● **What the task requires**: For this exercise, write out each entry below exactly, omitting the images.

● ● ● ● ●

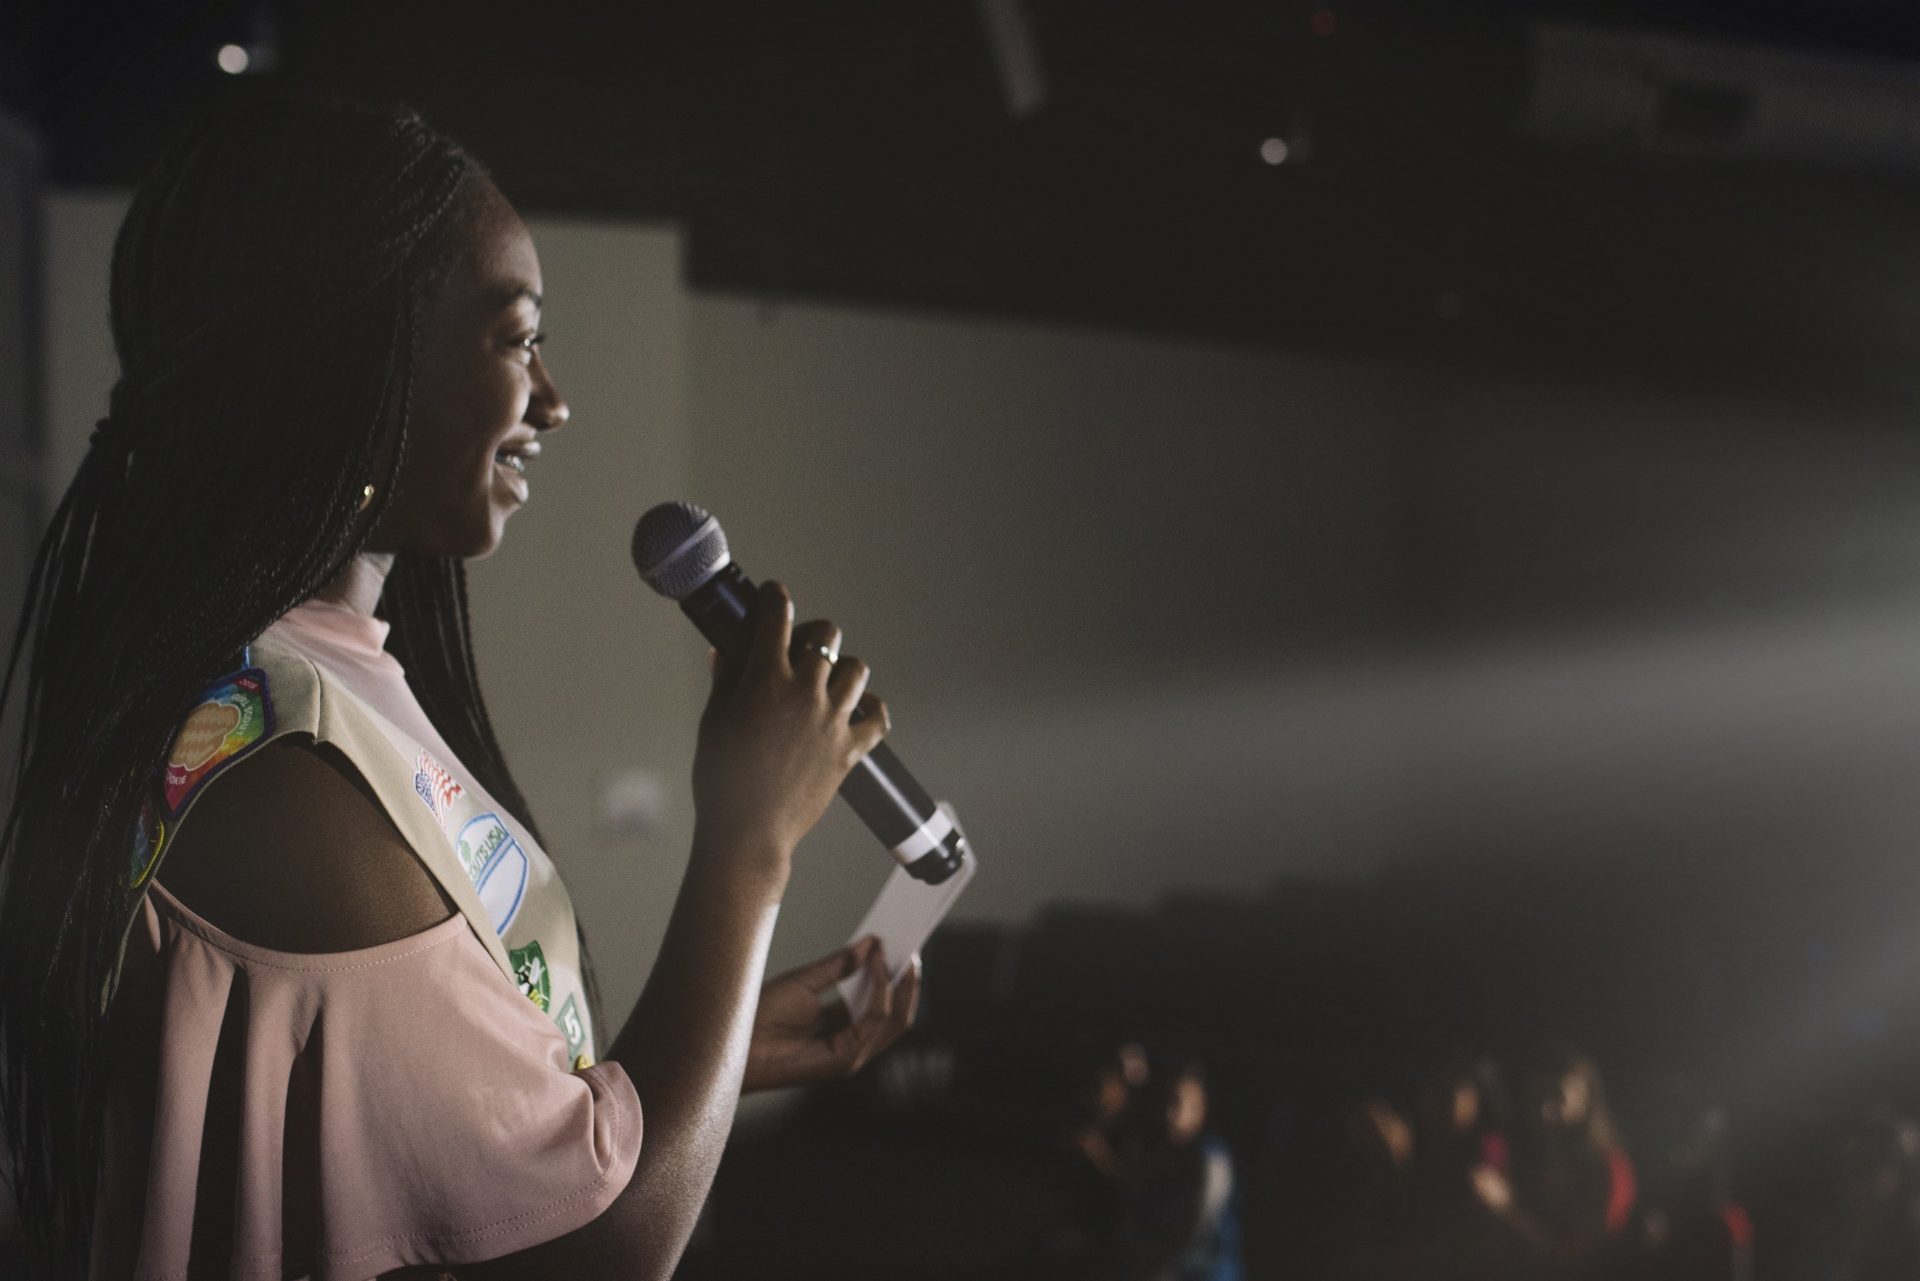 Girl Scout speaking into a microphone in front of an audience
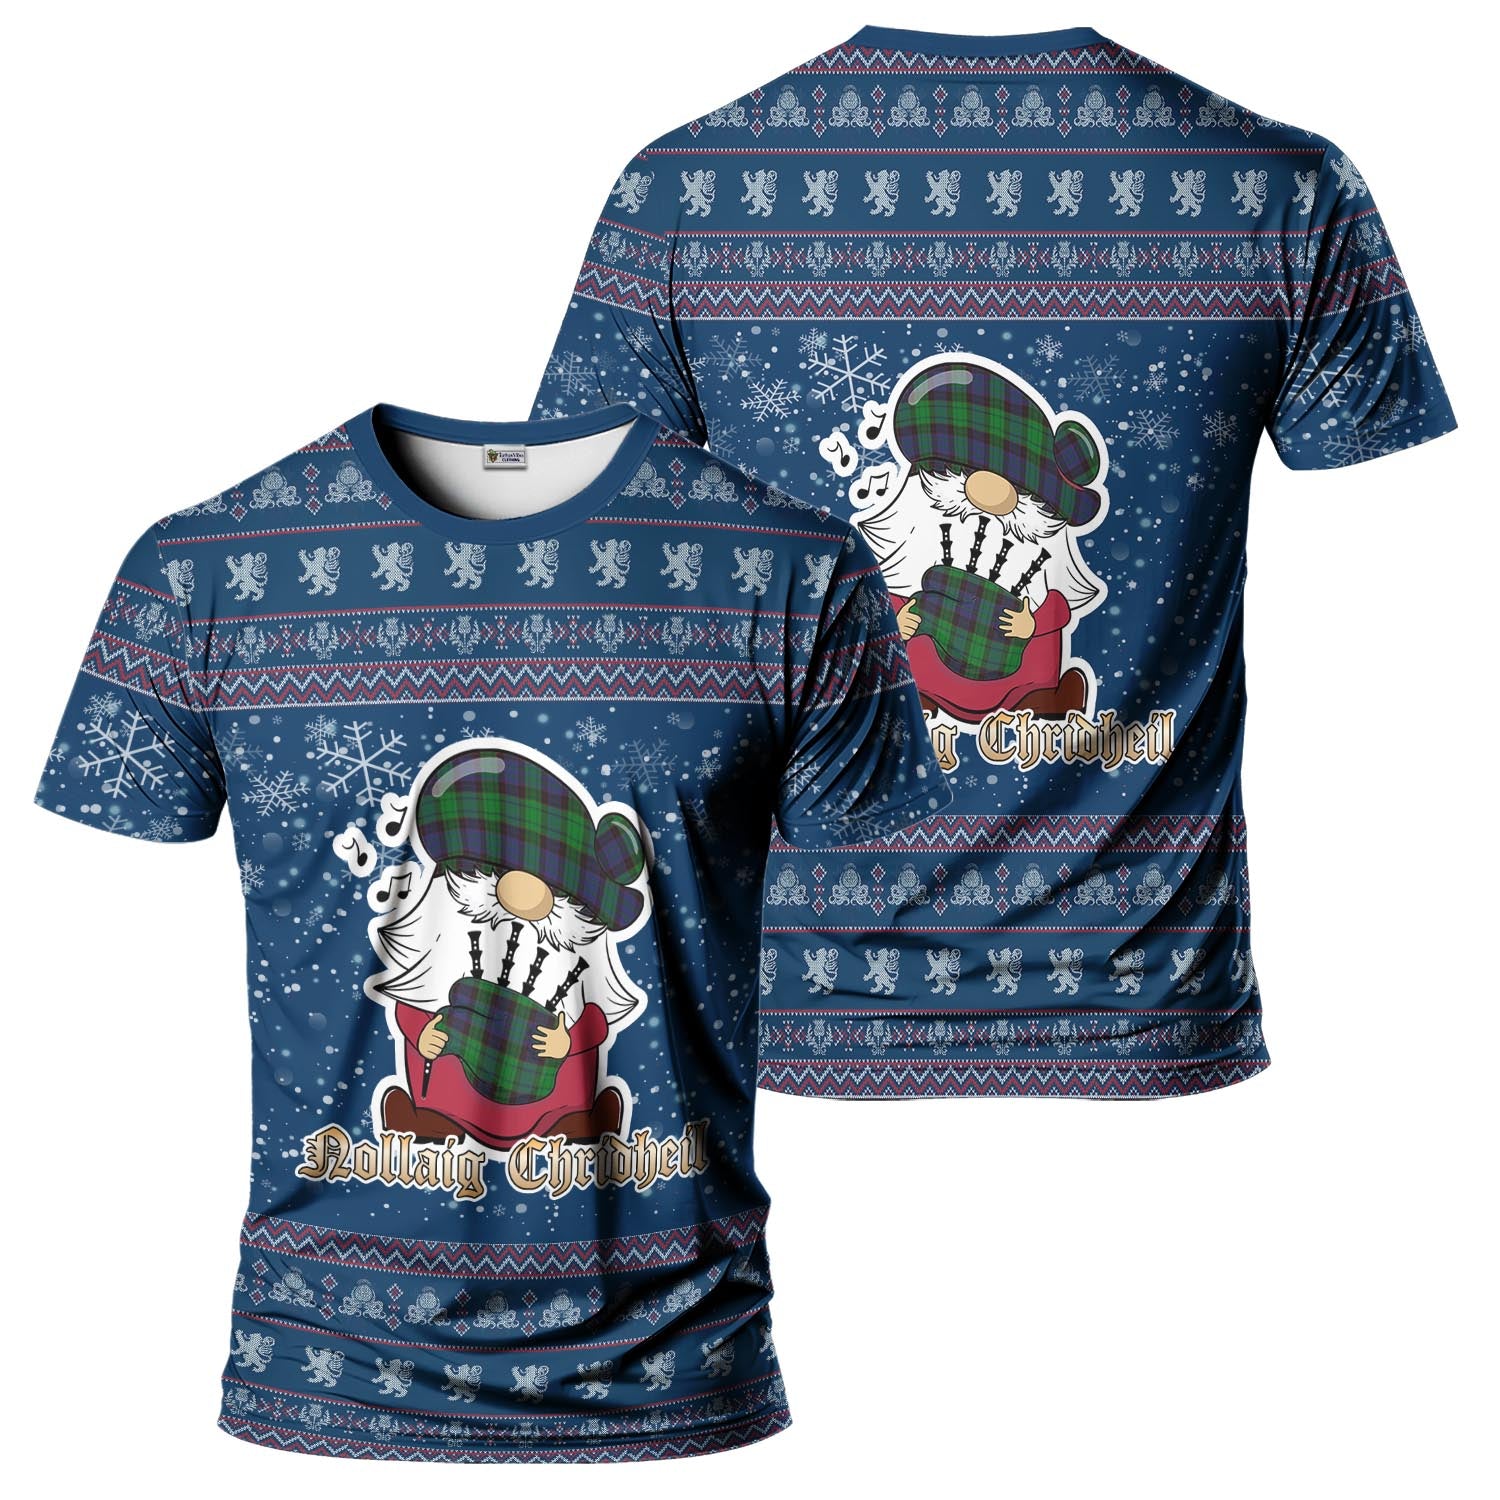 Stewart Old Modern Clan Christmas Family T-Shirt with Funny Gnome Playing Bagpipes Kid's Shirt Blue - Tartanvibesclothing
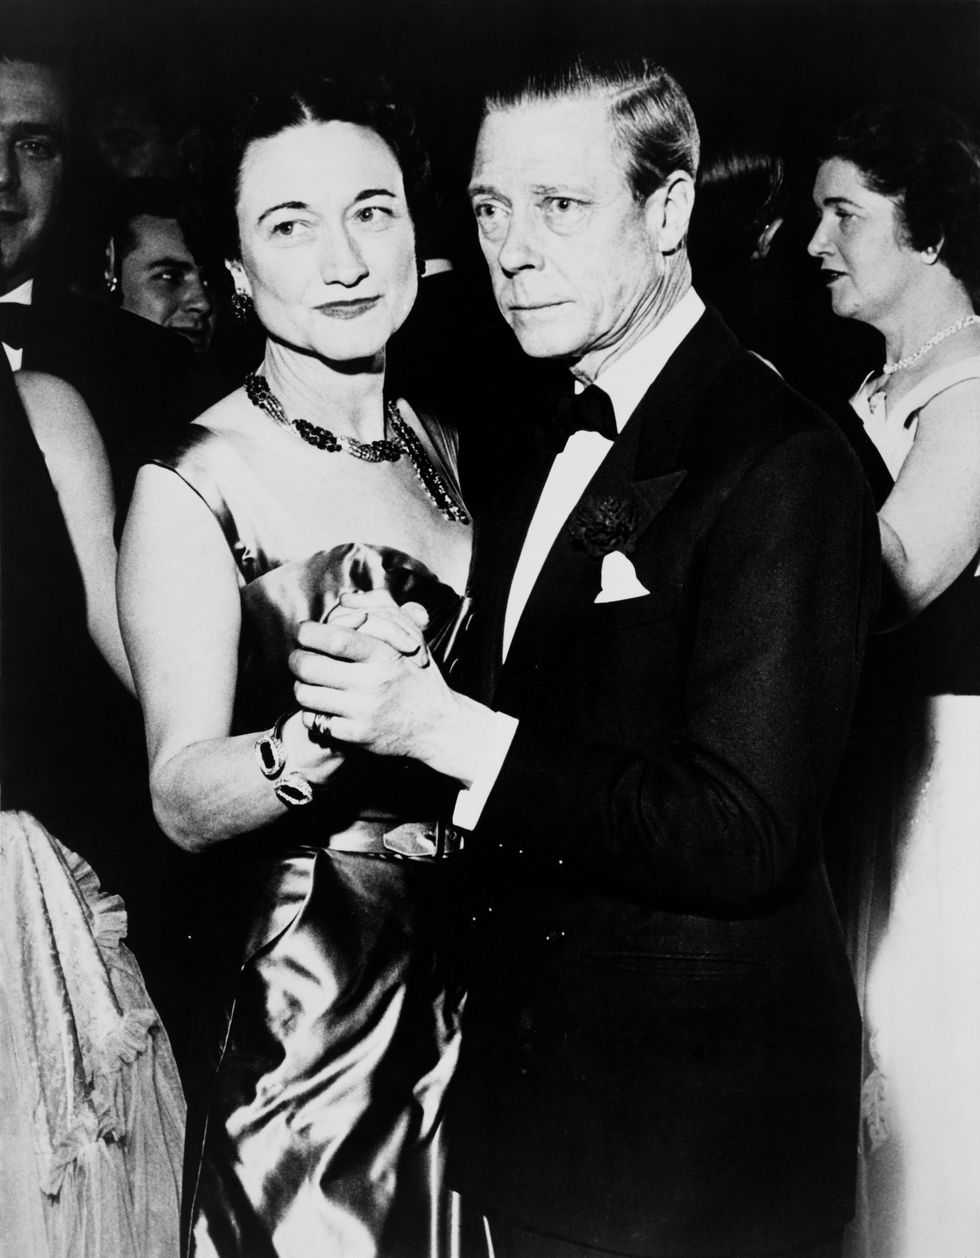 mandatory credit photo by everettshutterstock 10289774a
the duke and duchess of windsor at the assembly ball in the hotel sherry netherland 1950
historical collection
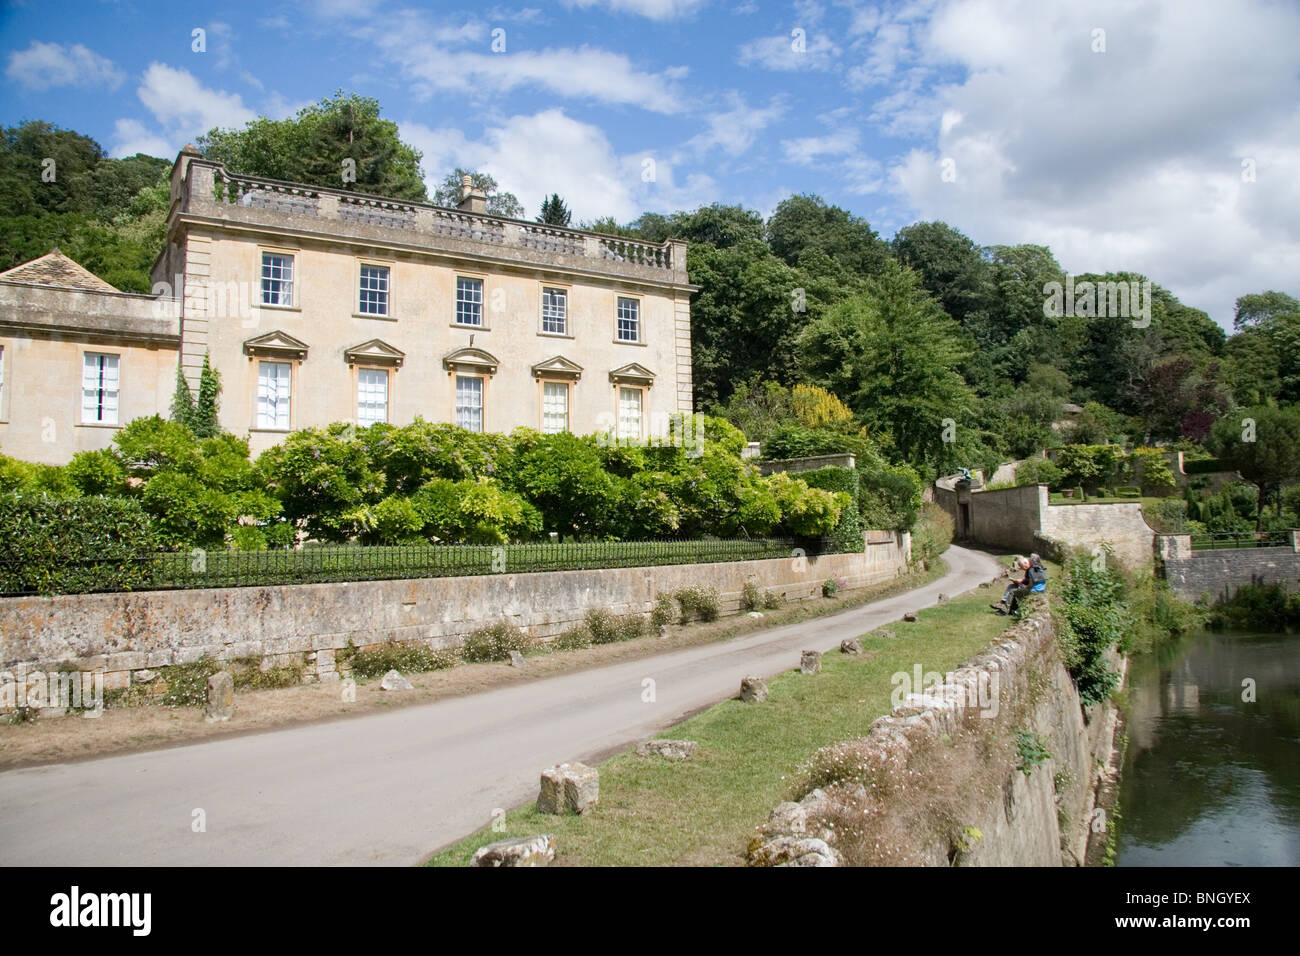 Iford Manor by the River Frome, Wiltshire, UK Stock Photo

● ● ● ● ●

● **Result**:
 Girl Scout speaking into a microphone in front of an audience
 Stewart Old Modern Clan Christmas Family T-Shirt with Funny Gnome Playing Bagpipes Kid's Shirt Blue - Tartanvibesclothing
 mandatory credit photo by everettshutterstock 10289774a
the duke and duchess of windsor at the assembly ball in the hotel sherry netherland 1950
historical collection
 Iford Manor by the River Frome, Wiltshire, UK Stock Photo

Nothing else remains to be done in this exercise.